Control of Blood Loss
Blood loss is at its highest immediately following placental delivery.
This can be reduced by inflating the internal iliac balloons or applying
a paracervical tourniquet, if feasible, while the edges of the
myometrial defect are identified (Fig. 6) and secured. Uterine artery
ligation can even be considered if necessary. Other measures which can
be employed include the standard uterotonic drugs, balloon tamponade,
blood transfusion, cell salvage and tranexamic acid.

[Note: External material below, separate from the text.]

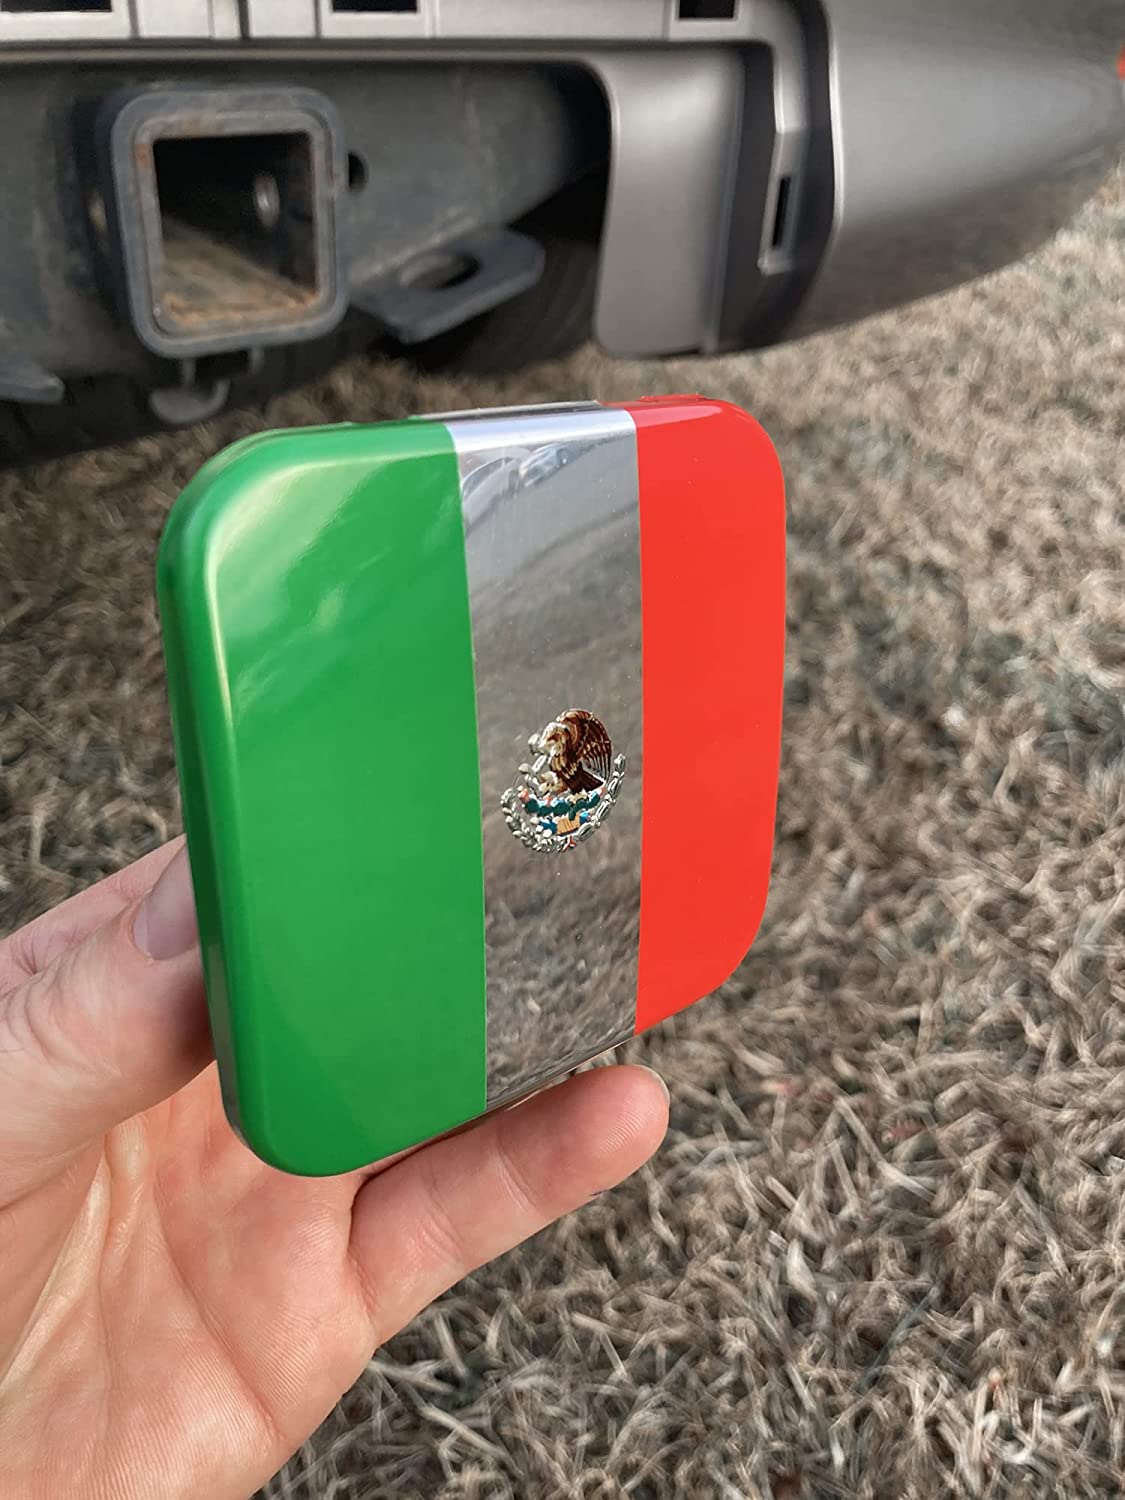 Mexico Flag Hitch Cover Plug (Fits 2" Receivers, Mexican Flag)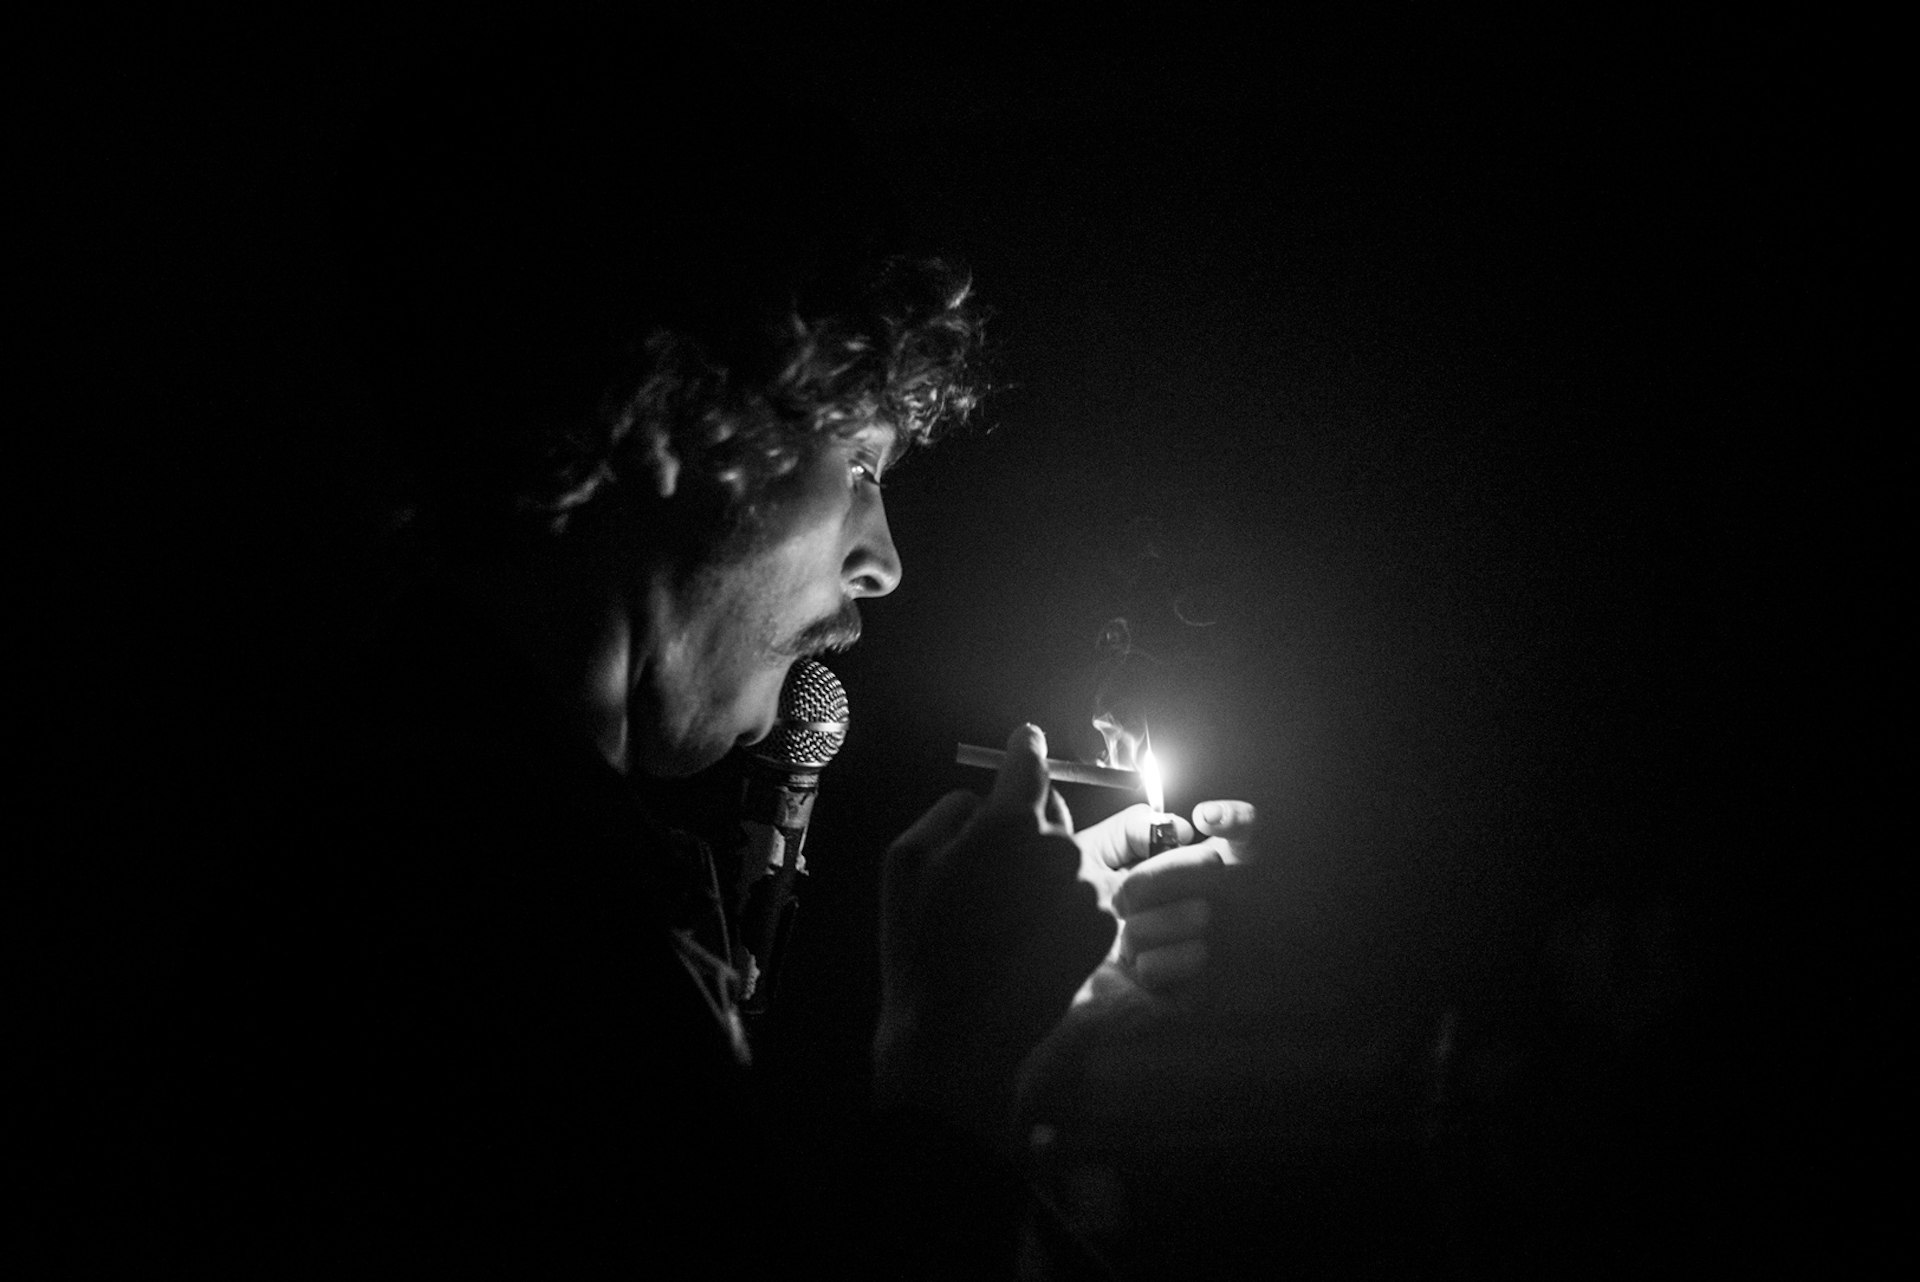 Saul Adamczewski lights a cigarette while performing with members of Paranoid London, Warmduscher and Fat White Family at the Good Room in Brooklyn on Septempber 30, 2015. The largely improvised set was only announced the day before.

We examined a consecutive series of twenty cases of PASD managed over a
period of twenty-two months between December 2019 and October 2021. The
study was conducted in a tertiary obstetric referral hospital in
Singapore which has around 12,000 deliveries per year and a Caesarean
section rate of 31–32%. The study had institutional review board
ethical approval covering surgical management of PASD. The surgical
method adopted for each case was mainly governed by patient choice. A
low lying placenta was identified for all women on a mid-trimester
pelvic ultrasound scan with characteristic ultrasonic features of PASD
being identified on subsequent scans. Most of the patients also had an
MRI. All deliveries were performed under GA and pre-operative intra
iliac balloon catheterization was offered to all women having elective
delivery and any being delivered as an emergency, if time permitted. We
compared demographic data and peri-operative details as well as outcomes
between groups. We looked at surgical time, estimated blood loss, need
for transfusion, visceral injury, admission to the Intensive Care Unit
and length of stay for our patients.